Agentic-SpliceAI Setup Guide¶
Quick setup instructions for development and deployment
Overview¶
Agentic-SpliceAI builds upon the Meta-SpliceAI framework, combining:
- Extensible Base Layer - Foundation models (SpliceAI, OpenSpliceAI, + extensible)

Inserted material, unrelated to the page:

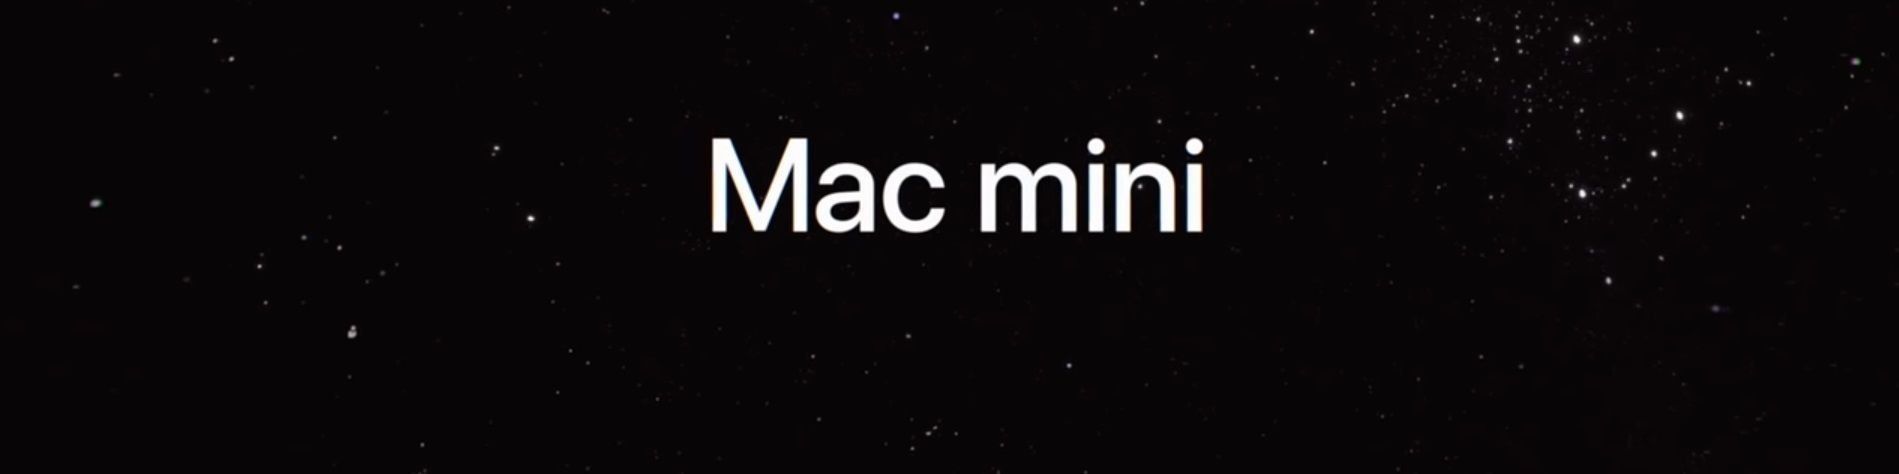 Apple Mac mini 2018 - avantages et inconvénients

- Adaptive Meta-Learning - Foundation-Adaptor framework via multimodal deep learning
- Agentic Workflows - AI agents for validation and evidence synthesis
Environment Setup¶
1. Create Dedicated Conda Environment¶
cd /Users/pleiadian53/work/agentic-spliceai
# Create environment from yml
mamba env create -f environment.yml
# Activate environment
mamba activate agentic-spliceai
2. Install Package in Development Mode¶
# Install agentic-spliceai package
pip install -e .
# Verify installation
python -c "import agentic_spliceai; print('✓ Package installed')"
3. Test CLI Commands¶
Architecture¶
Three-Layer System¶
┌─────────────────────────────────────────────────────────────┐
│ AGENTIC-SPLICEAI │
├─────────────────────────────────────────────────────────────┤
│ │
│ ┌──────────────────┐ ┌──────────────────┐ ┌──────────┐ │
│ │ Nexus Research │ │ Meta-SpliceAI │ │ Agentic │ │
│ │ Agent │ │ Prediction │ │ Workflow │ │
│ ├──────────────────┤ ├──────────────────┤ ├──────────┤ │
│ │ • Literature │ │ • Base SpliceAI │ │ • LLM │ │
│ │ synthesis │ │ • Meta-learning │ │ agents │ │
│ │ • arXiv/PubMed │ │ • Ensemble │ │ • Tool │ │
│ │ • LaTeX reports │ │ models │ │ use │ │
│ │ • Web search │ │ • Feature eng. │ │ • Multi- │ │
│ │ │ │ │ │ agent │ │
│ └──────────────────┘ └──────────────────┘ └──────────┘ │
│ │
└─────────────────────────────────────────────────────────────┘
Dependency Breakdown¶
From Nexus (Research):
- LLM clients: openai, anthropic, mistralai, aisuite
- Research tools: tavily-python, wikipedia, beautifulsoup4
- PDF generation: weasyprint, pandoc, tectonic, pypandoc
- Web framework: fastapi, uvicorn, pydantic
From Meta-SpliceAI (Prediction):
- Deep learning: tensorflow, pytorch, keras
- SpliceAI: spliceai==1.3.1
- Genomics: biopython, pysam, pybedtools, pybigwig
- Genomic formats: bcbio-gff, gffutils, gtftools, pyfastx
- ML optimization: optuna, hyperopt, hpbandster
- Feature engineering: category-encoders, feature-engine
Shared (Both):
- Data: pandas, polars, numpy, duckdb
- Visualization: matplotlib, seaborn, plotly
- ML: scikit-learn, lightgbm, xgboost
- Utilities: tqdm, joblib, requests
Development Workflow¶
Phase 1: Port Nexus Research Capability¶
# Copy Nexus research agent code
cp -r /Users/pleiadian53/work/agentic-ai-lab/src/nexus/agents/research/* \
/Users/pleiadian53/work/agentic-spliceai/agentic_spliceai/research/
# Test research capability
python -c "from agentic_spliceai.research import pipeline; print('✓ Research imported')"
Phase 2: Integrate Meta-SpliceAI Prediction¶
# Copy meta-spliceai core modules
cp -r /Users/pleiadian53/work/meta-spliceai/meta_spliceai/splice_engine/* \
/Users/pleiadian53/work/agentic-spliceai/agentic_spliceai/prediction/
# Test prediction capability
python -c "from agentic_spliceai.prediction import base_model; print('✓ Prediction imported')"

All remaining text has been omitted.